4. **`phase('Verify')` — adversarial pass**: per proposal, a skeptic checks (a) an enforcer doesn't ALREADY exist (no duplicate `-guard`/`-reminder` overlap; no existing `socket/<rule>`), (b) the surface choice is right per the decision steps (a Bash-action discipline shouldn't be a lint rule; a procedure shouldn't be a guard), (c) the diff is sound AND `testDiff` is THOROUGH per the _Tests_ section — both arms, every branch/shape, the bypass, pass-through, and a malformed/edge input; not a token single-case test. The skeptic actively tries to find an input the enforcer mishandles that the tests don't cover, and demands a case for it. Drop proposals that duplicate existing enforcement or whose tests aren't thorough.
5. **Synthesize** — a final `agent()` writes the report: ranked by blast radius (build/security first), each gap with its evidence, chosen surface, and ready-to-apply codification.

Return `{ report, gapCount, byBlastRadius, proposals }`.
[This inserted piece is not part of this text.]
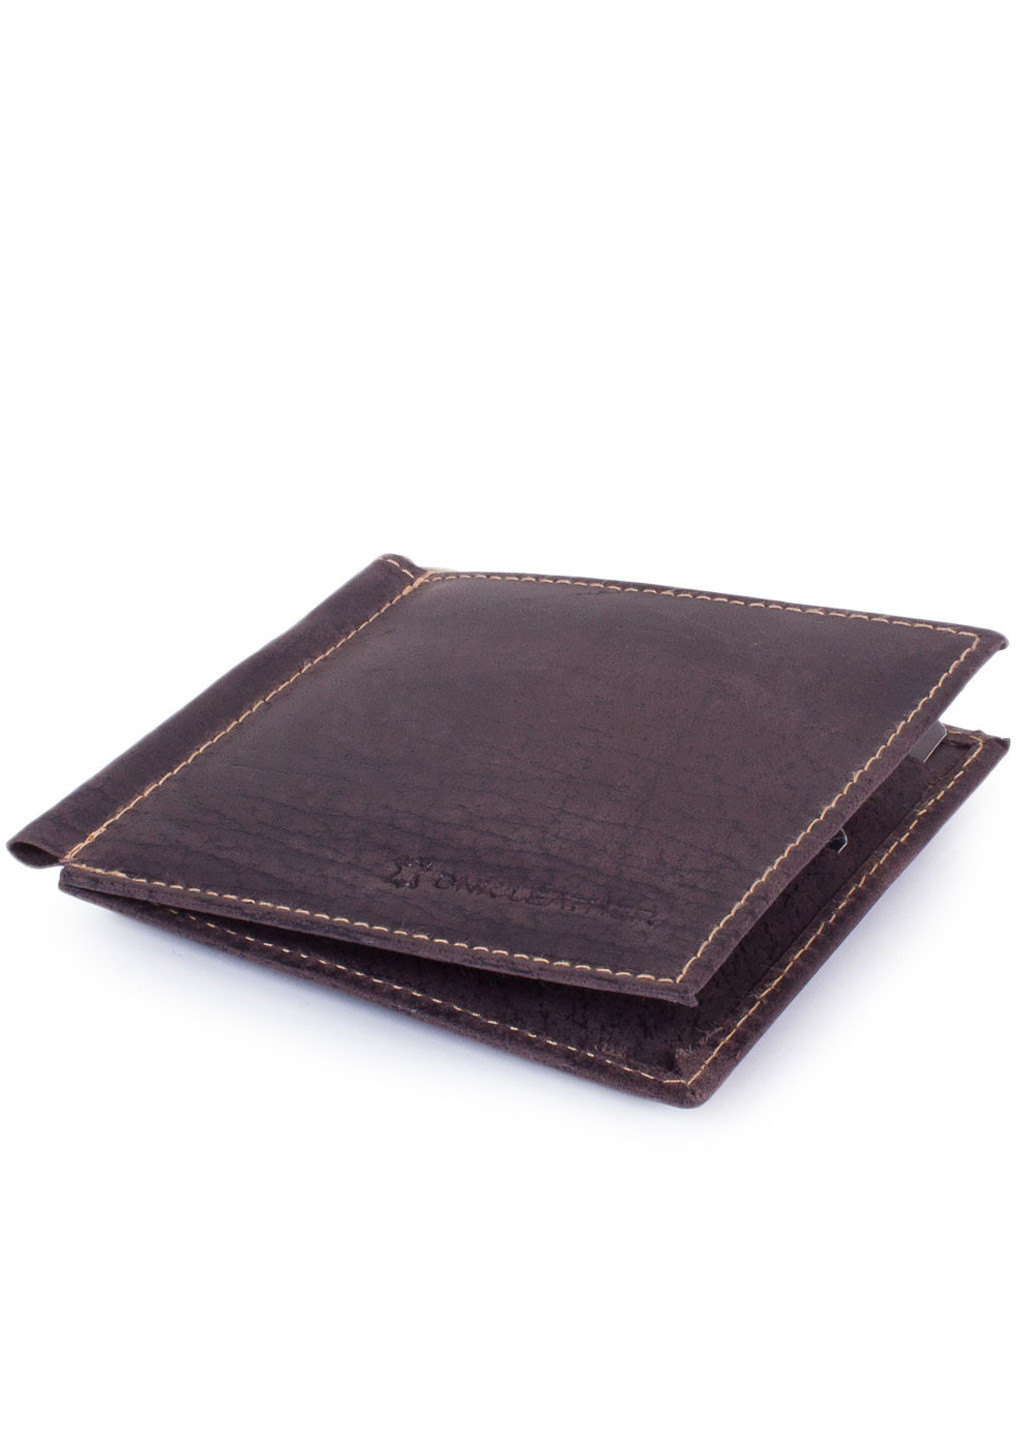 Мужской кожаный зажим для купюр 11х9,5х0,5 см DNK Leather (195771905)

### Phase 5: Apply or report

- **Interactive**: `AskUserQuestion` — which proposals to apply now. Route each applied proposal through the **`ai-codify` orchestrator** rather than hand-authoring — it pins model + effort to the surface (token-spend rule) and enforces the four-flag programmatic-Claude lockdown:
  - **Enforcer surfaces** (`hook-guard` / `hook-reminder` / `lint-rule` / `check`): `node scripts/fleet/ai-codify/cli.mts --surface <surface> --discipline "<rule>" --incident "<generic case>" [--memory <path>] [--name <kebab>] --apply`. It authors the surface + its mandatory test on the tier-matched model (hook/lint → opus/high, check → sonnet/medium) and runs the surface's own verifier before returning.
  - **Documentation surface** (`agents-doc` — the terse CLAUDE.md bullet + `docs/agents.md/{fleet,repo}/<topic>.md` detail doc): pass `--surface agents-doc --memory <path>`; ai-codify shells out to `scripts/fleet/codify-rule.mts`, which owns the 40KB CLAUDE.md budget + defer-to-docs split (never hand-edit CLAUDE.md for a rule bullet).
  - For a **combination** (defense-in-depth), run ai-codify once per surface.
  After ai-codify returns: RUN the test before committing — a codification whose test doesn't pass isn't done. A hook + a CLAUDE.md edit both trigger the **same-turn dogfood cascade** in the wheelhouse. Commit each codification (enforcer + test together) separately. Memory is read-only input — never delete or edit it; it can keep describing the *why* alongside the now-enforcing code.
- **Non-interactive**: save the report to `.claude/reports/codifying-disciplines-YYYY-MM-DD.md` (the untracked report location per the _Plan & report storage_ rule — never a committable `reports/` path) (each proposal includes its `testDiff` + the exact `ai-codify` invocation that would apply it); apply nothing.

### Phase 6: Summary

Report gaps found, by blast radius; proposals applied vs. deferred; and any gap where the right surface is genuinely ambiguous (flag for a human call rather than guessing).

## Commit cadence

- Codify the highest-blast-radius gaps (build/release/security) first.
- Each codification is its own commit (`feat(hooks): …`, `fix(lint): …`, `feat(scripts): …`), and the enforcer + its test land in that SAME commit — never an enforcer without its test. Never bundle several unrelated enforcers in one commit.
- A new hook follows the full ceremony: CLAUDE.md (or hook-registry) citation BEFORE the index, a test, settings.json registration, and the dogfood cascade.
- The report at `.claude/reports/` is never committed (the report location is untracked by the fleet `.gitignore`); it's a local reference for which gaps to codify, not an artifact.